The film is really about realising the divergent paths that lives and relationships can travel down. But Rohmer’s cinema is also about the needs, fears and desires that influence the decision of which path to take, even when it results in a dead end. That questioning found its form in My Night with Maud. The details of relationships, and the sense of inevitability that comes with Rohmer’s ubiquitous pairings, can be seen everywhere in his cinema, from the brutal machinations of Claire’s Knee (1970) to the strange colour-coded jumper-matching conclusion of My Girlfriend’s Boyfriend (1987). This unstoppable momentum of relationships, even when undermined as it is in My Night with Maud, is a driving force in Rohmer’s films.

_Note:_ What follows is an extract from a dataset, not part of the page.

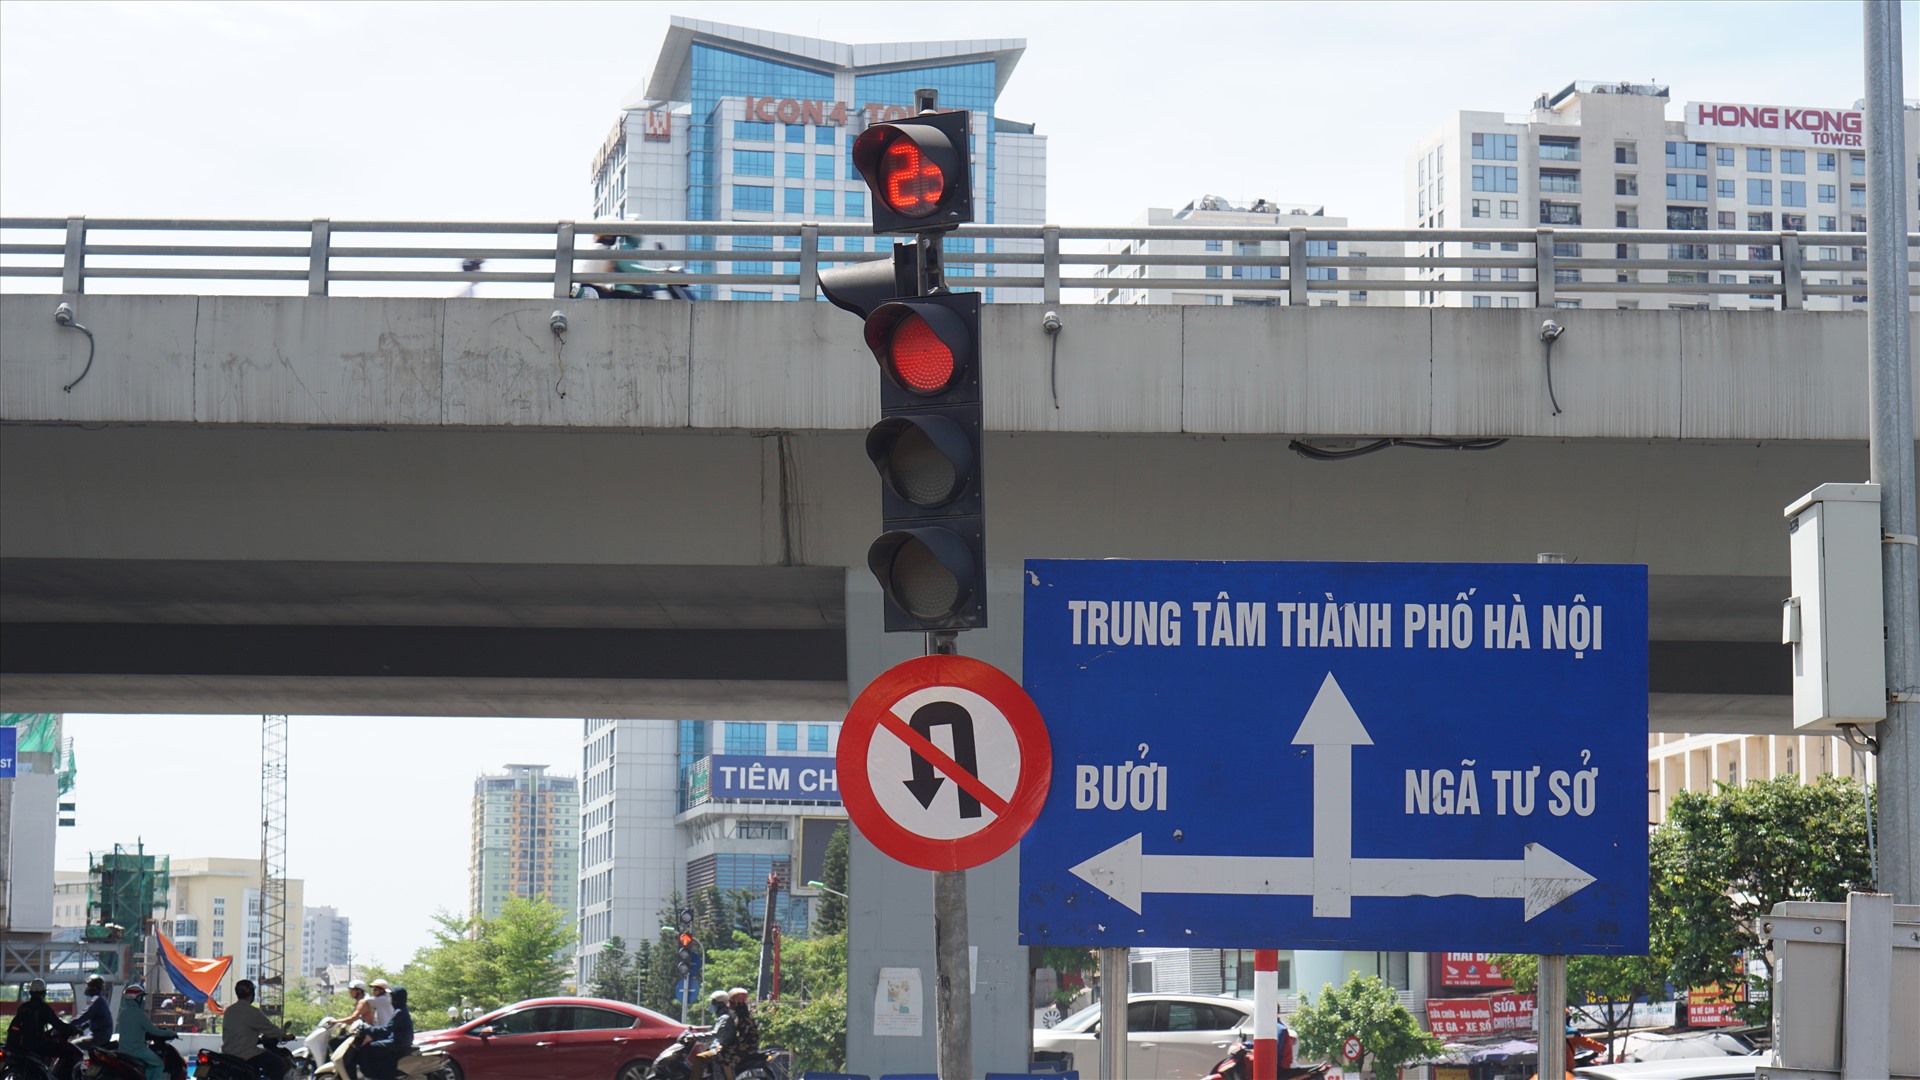 Biển báo cấm quay đầu xe được bố trí tại đầu đường Cầu Giấy. Ảnh PV

The energy from said momentum, whether accepted or resisted, has to find somewhere to go. In Rohmer’s films this seems to manifest itself in two key actions: deeply detailed conversations (sometimes descending into heated debates) and the incessant meandering of his characters. The latter seems to accelerate the likelihood of essential chance meetings between people, usually on foot.
In the case of this film, they’ve been stopped by the weather, rendering the town a beautiful snowy vista and difficult to traverse. Rohmer gets around this by having Jean-Louis travel in from his isolated retreat, chancing once again upon his fated future wife on the road rather than the pavement. The snow then handily delays her motorised bike and allows for the vital night at Françoise’s after the night at Maud’s.
Maud is radical in Jean-Louis’ eyes due to her status as a divorcee, living by instinct and drive rather than within some hollow moral doctrine. Her sense of being is at friction with fate, radical even before her atheism and her possible left-wing politics (supposedly inherited from her bourgeois family) are addressed.
Perhaps this is why Jean-Louis resists, flees and avoids the impulses which, by his own admission, he would have once followed. He does have brief moments of reconciliation and a flicker of what their relationship could have been later in the film. But, as he suggests himself: “I never had luck with brief encounters.” The pathos is almost unbearable, with Jean-Louis sticking to his flawed doctrine even though Maud and the audience can see that they are perfect together, contrary to all universal logic.
Instead, it’s Françoise who seemingly fulfils his strict codes, based on an almost mathematical assessment of how future relationships will work. Of course, his own fate was blind to him, pure mathematics duping him into believing in a fixed answer to a question in which the raw numbers – the people – are in constant flux. Though Rohmer leaves the film before the conclusion of such a fate can be shown, it is clear that a similar future to Maud’s awaits him: a flawed relationship almost definitely due to end. This is marked by a final, happy run into the warm sea at the film’s conclusion – a tainted happiness.
It’s only five years later, thanks to another chance meeting, that all of this becomes apparent, and Rohmer concludes his film with a brilliant undermining of his main character’s beliefs. Jean-Louis and Françoise, married and with child, make their way down to a summer beach. They bump into Maud on the way, her conversation with Jean-Louis revealing the complex intermingling of Françoise with Maud’s unseen husband in the naive days when snow lay over Clermont-Ferrand. Jean-Louis’ careful and meticulous reasoning, built on a moment of false instinct, comes crumbling down. The questions slowly appear, as if the summer sun had melted the winter’s ice and revealed the truth behind all of their relationships. The weather in the scene may be warmer but the frosty undercurrents remain.